» **ACTIVITY**
There are pictures in the records below; leave them out and set down exactly the lines from the one holding "Kaymen Jewelry Women's" through the one holding "Hydrogen Lyman-Α and".

» **SUPPLIED MATERIAL**

########################################

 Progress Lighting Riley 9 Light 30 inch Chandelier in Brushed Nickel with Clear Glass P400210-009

########################################

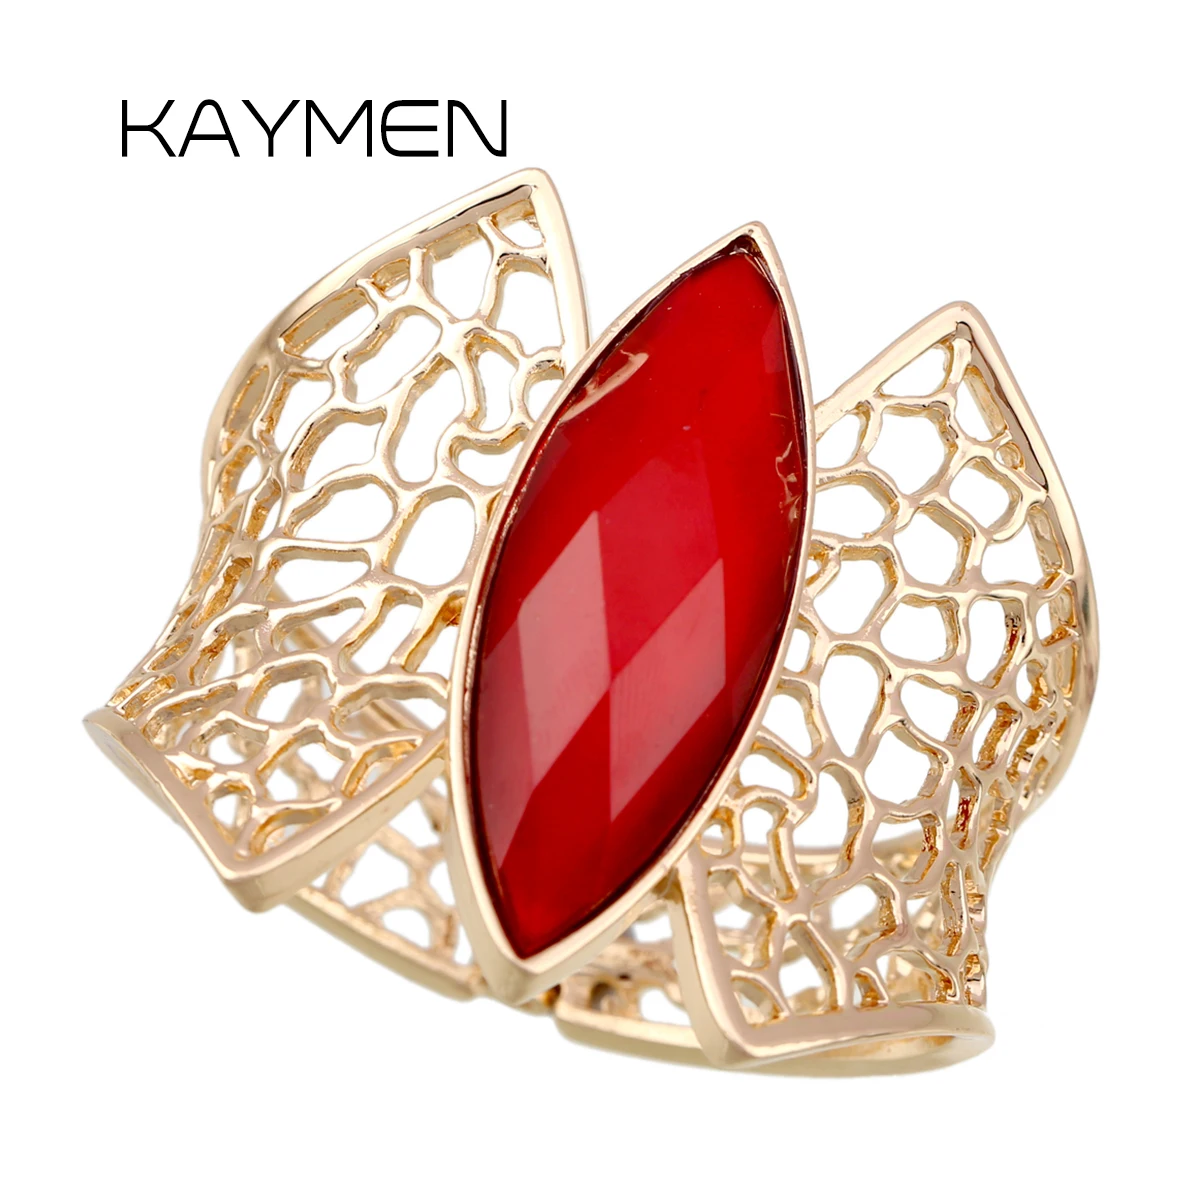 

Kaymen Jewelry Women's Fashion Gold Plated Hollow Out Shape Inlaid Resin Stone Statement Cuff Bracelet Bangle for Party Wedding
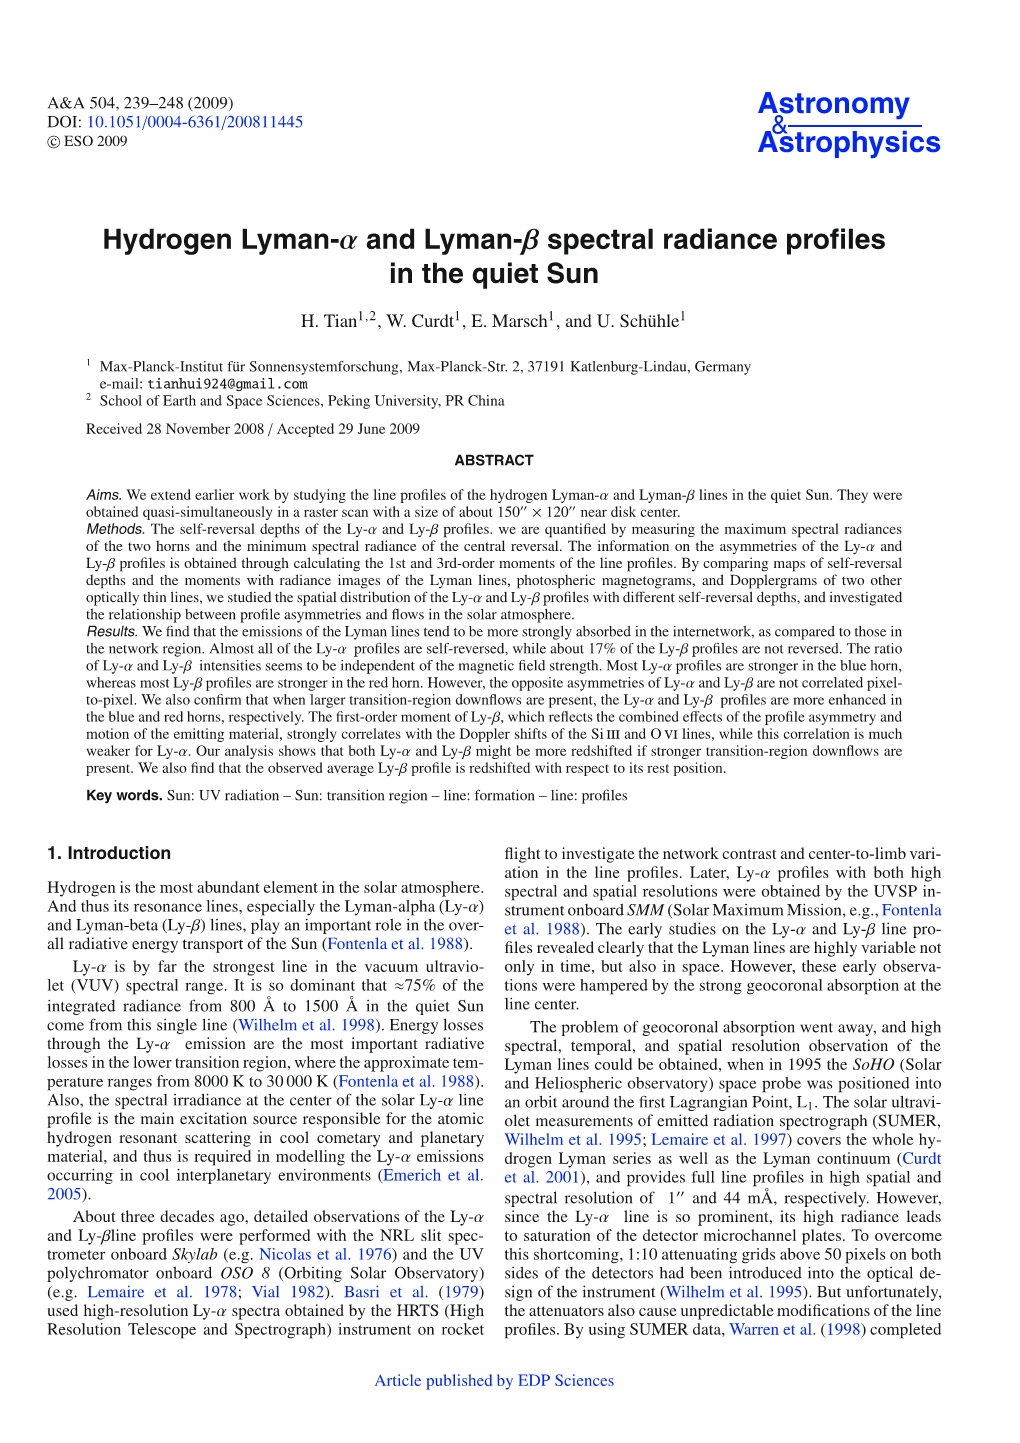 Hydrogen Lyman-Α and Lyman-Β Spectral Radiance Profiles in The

########################################

» **SOLUTION TO THIS TASK**
Kaymen Jewelry Women's Fashion Gold Plated Hollow Out Shape Inlaid Resin Stone Statement Cuff Bracelet Bangle for Party Wedding
 Hydrogen Lyman-Α and Lyman-Β Spectral Radiance Profiles in The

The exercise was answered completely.